> **Work instructions**: The answer should hold every line of the listing, unchanged and free of images.

> **Exercise data**:
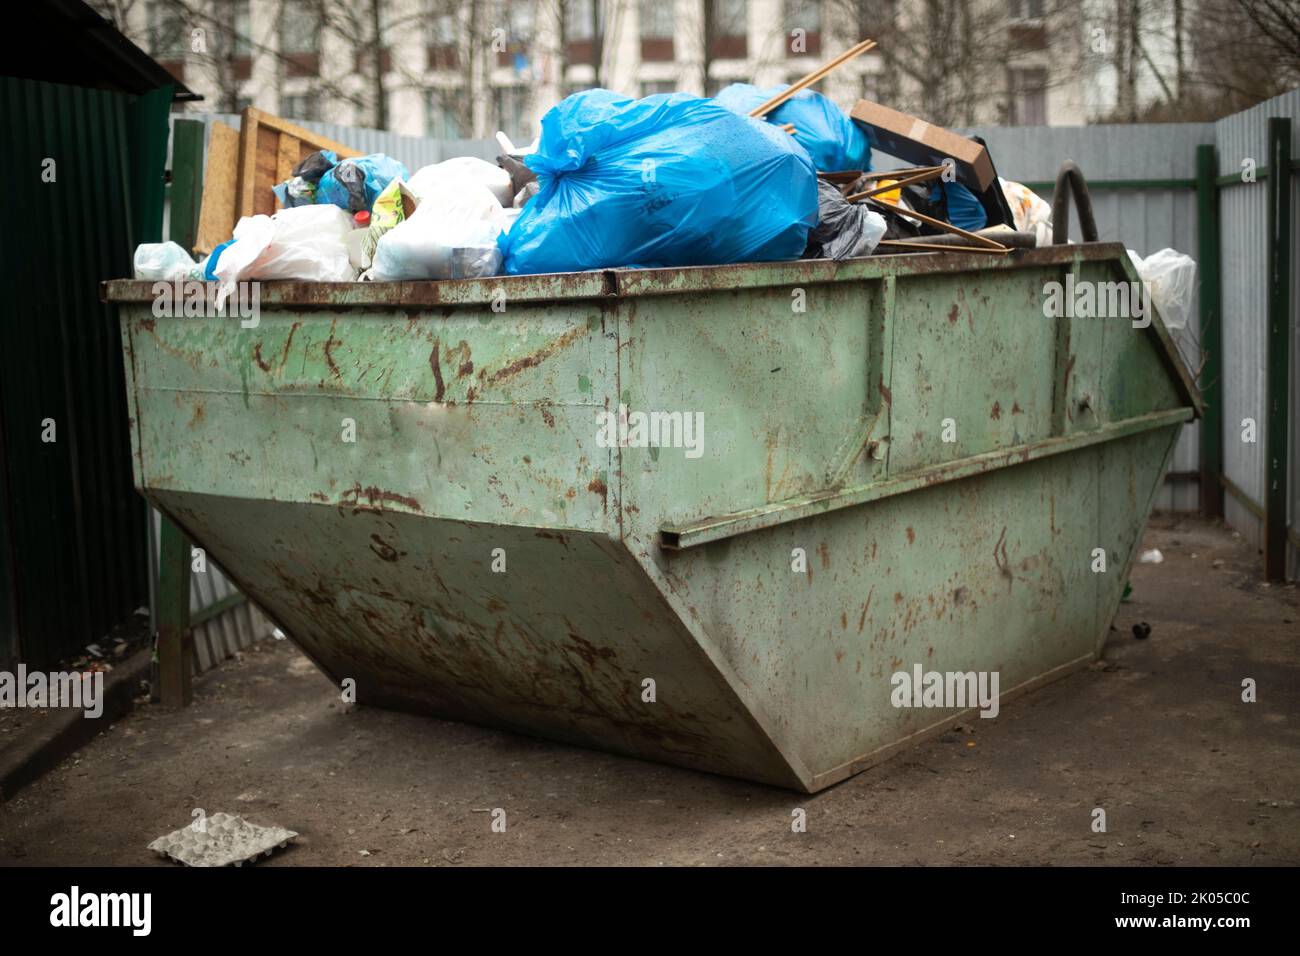 Garbage can. Waste container. City dump. Garbage collection in city. Stock Photo
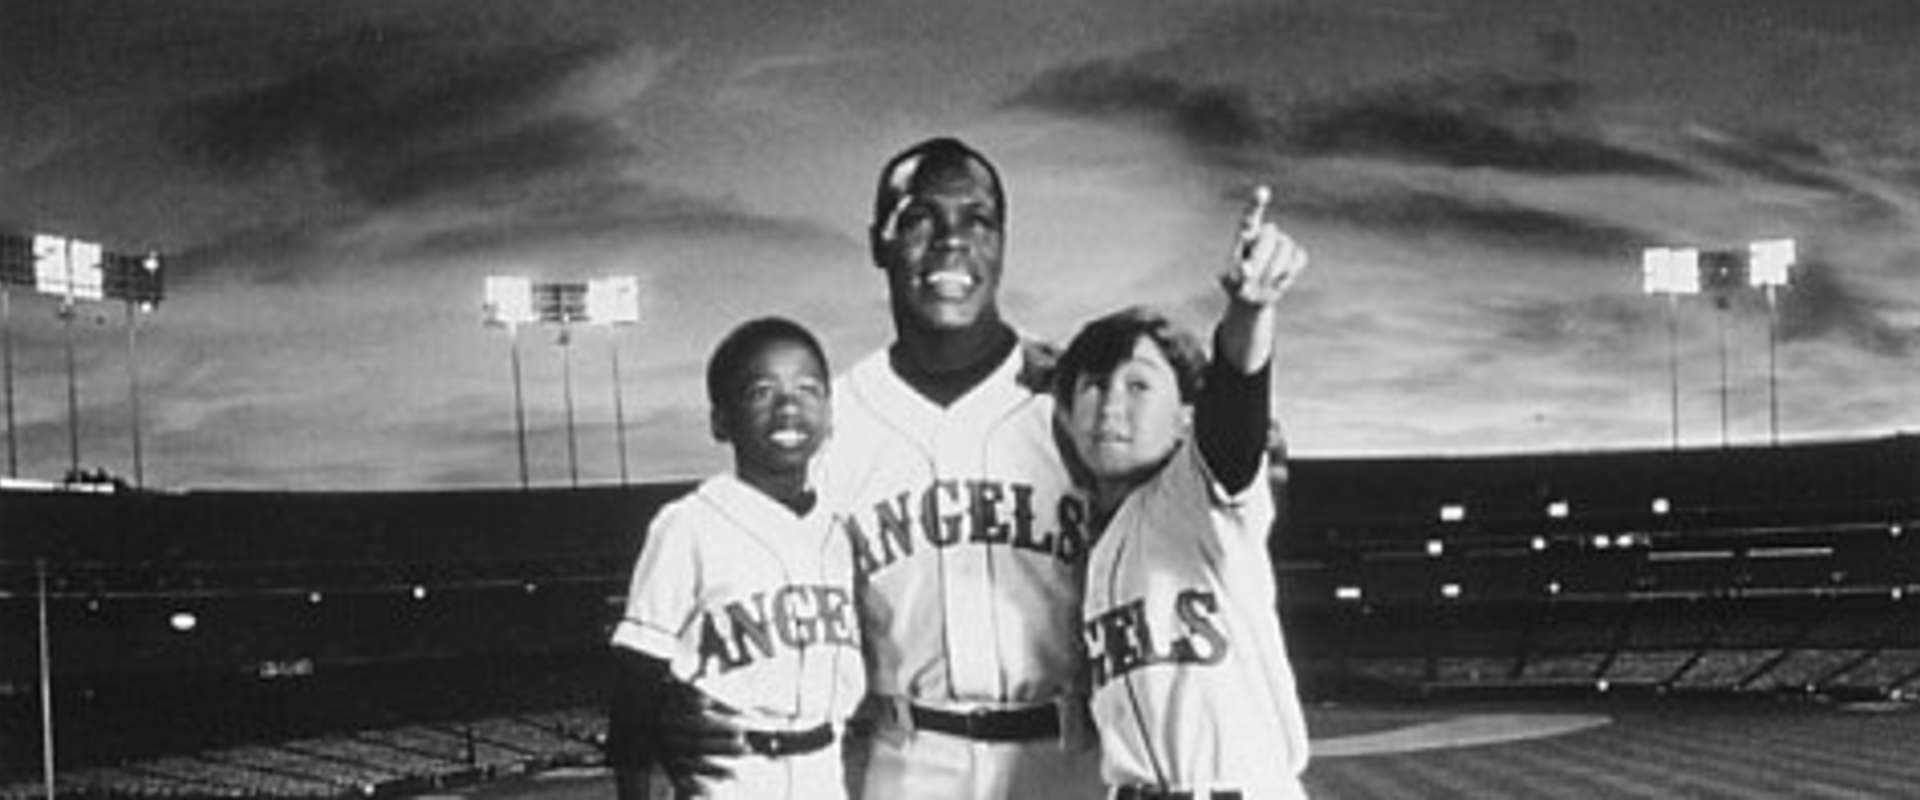 Angels in the Outfield background 1
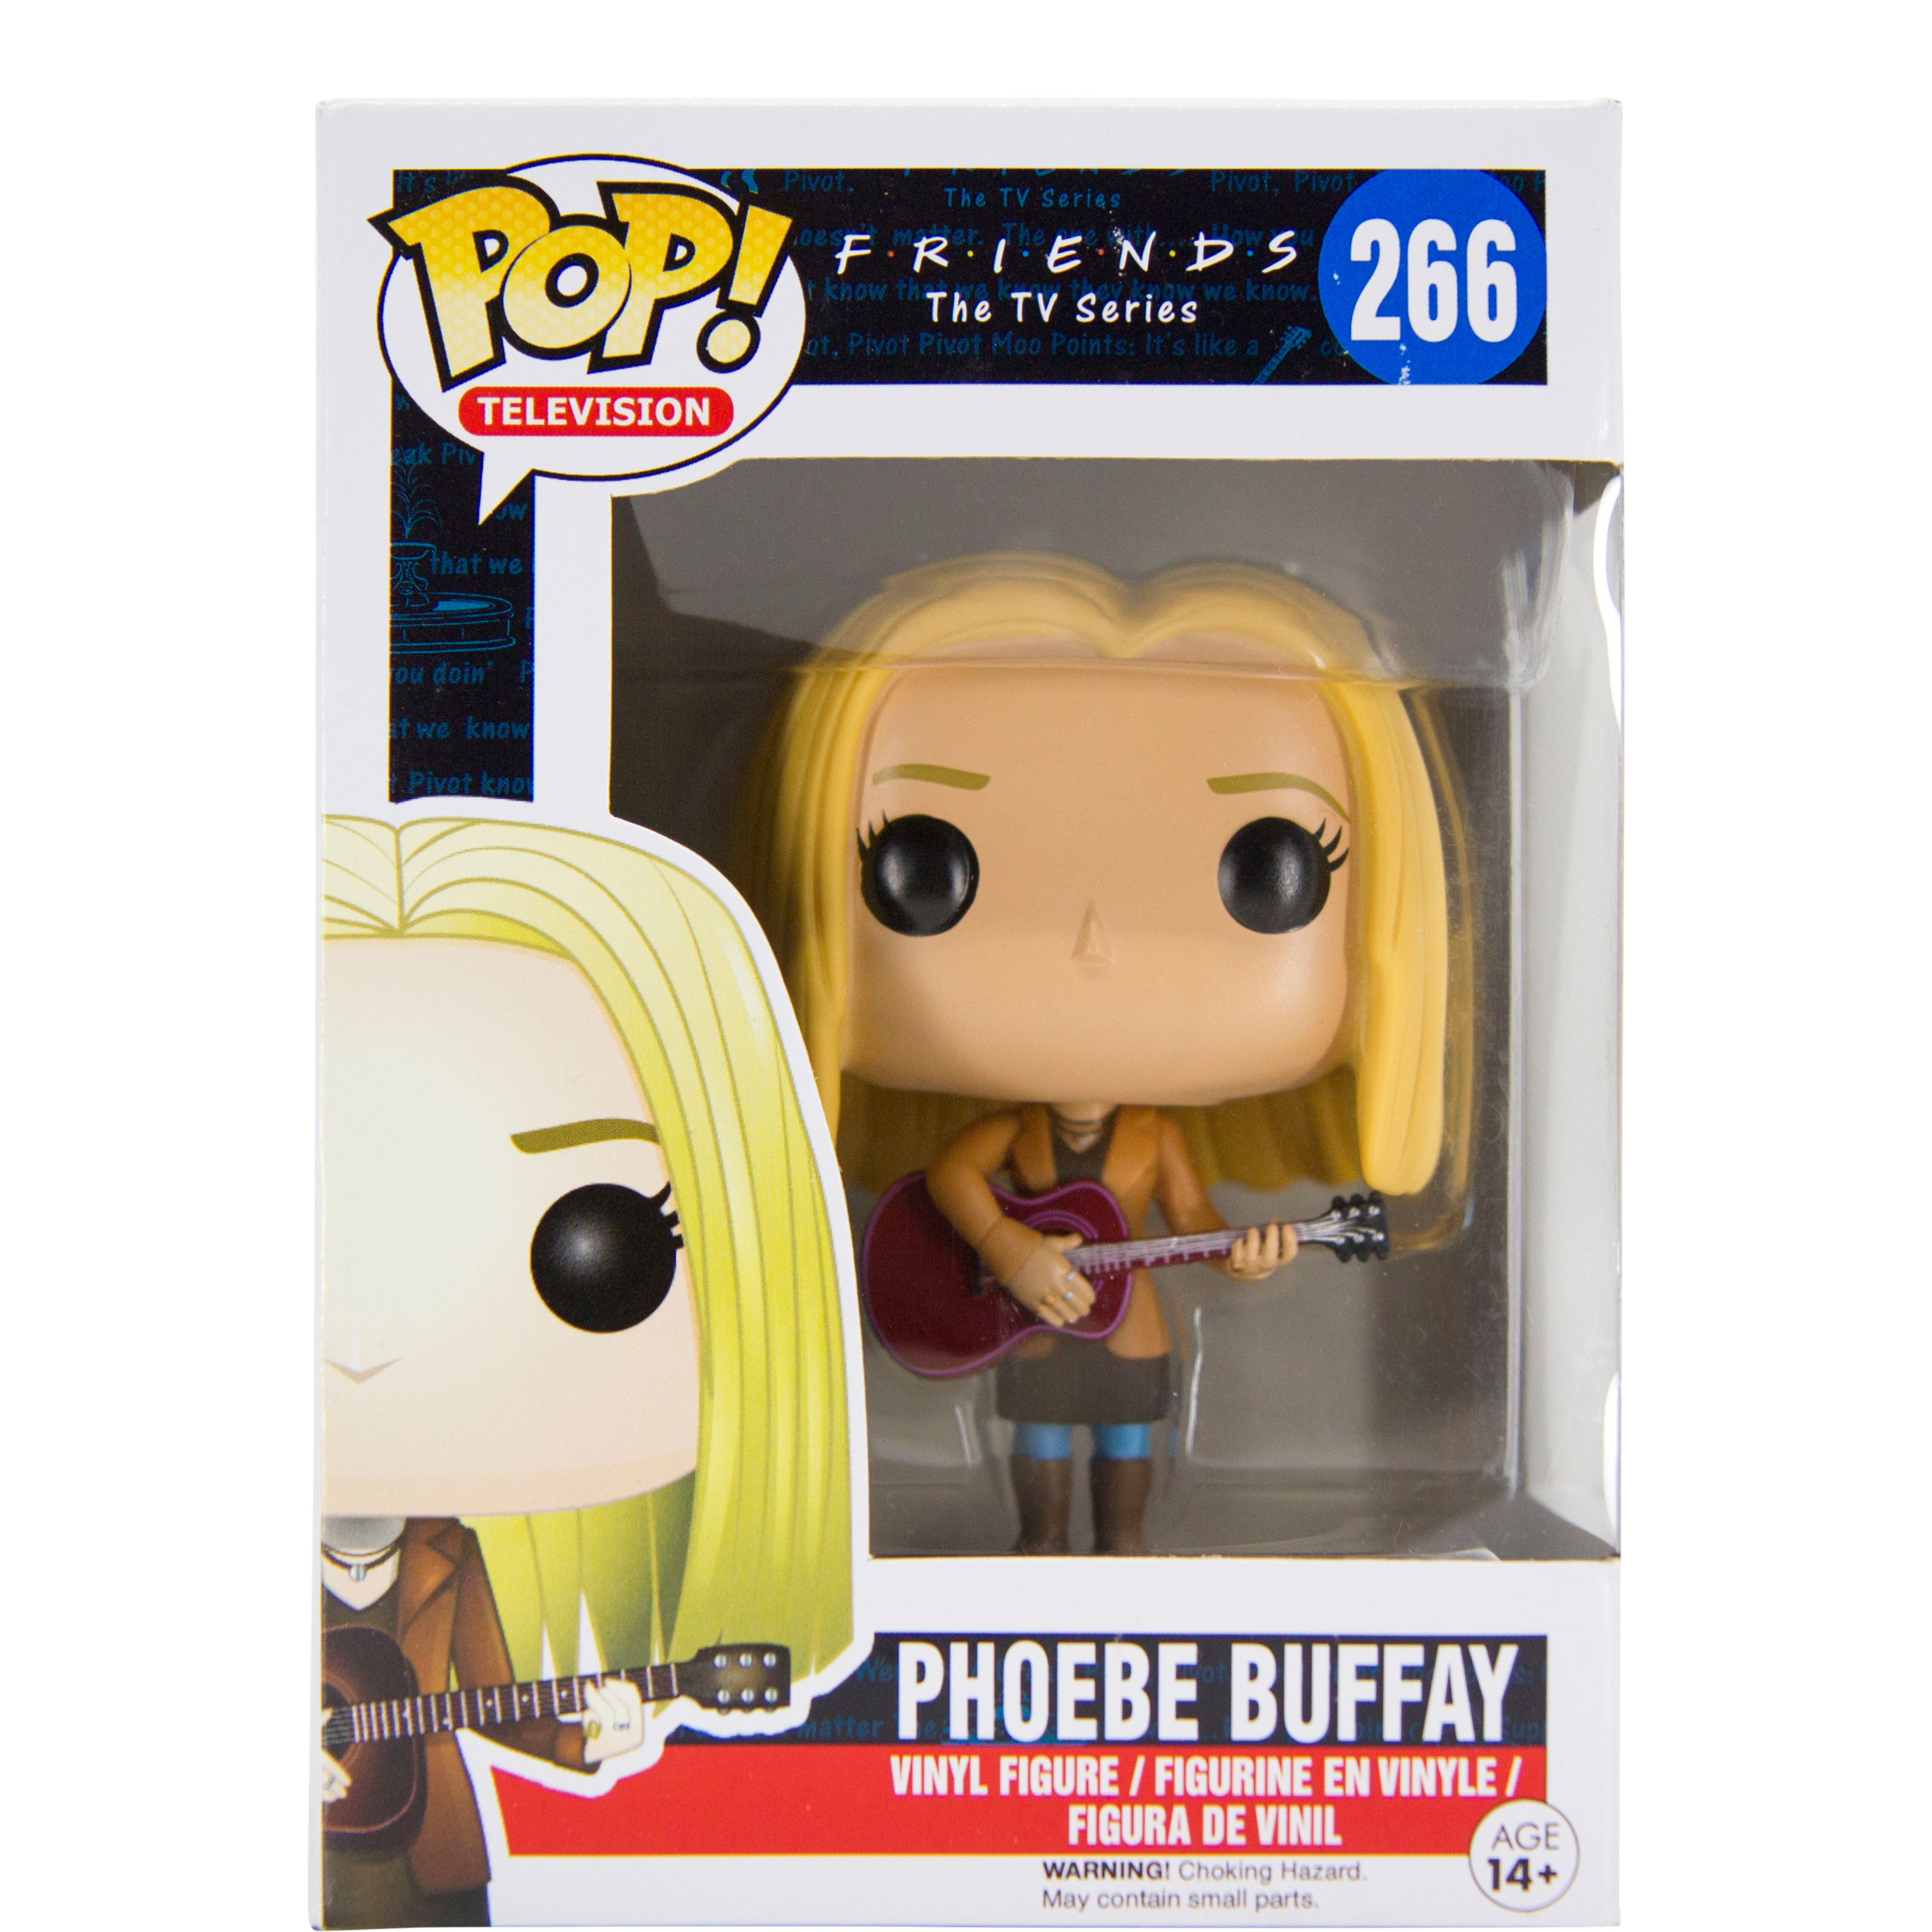 Funko Pop 3.75 Television: Friends Series 2 Collectible Vinyl Figures Set of 6

> **Response to the task**:
 Garbage can. Waste container. City dump. Garbage collection in city. Stock Photo
 Angels in the Outfield background 1
 Funko Pop 3.75 Television: Friends Series 2 Collectible Vinyl Figures Set of 6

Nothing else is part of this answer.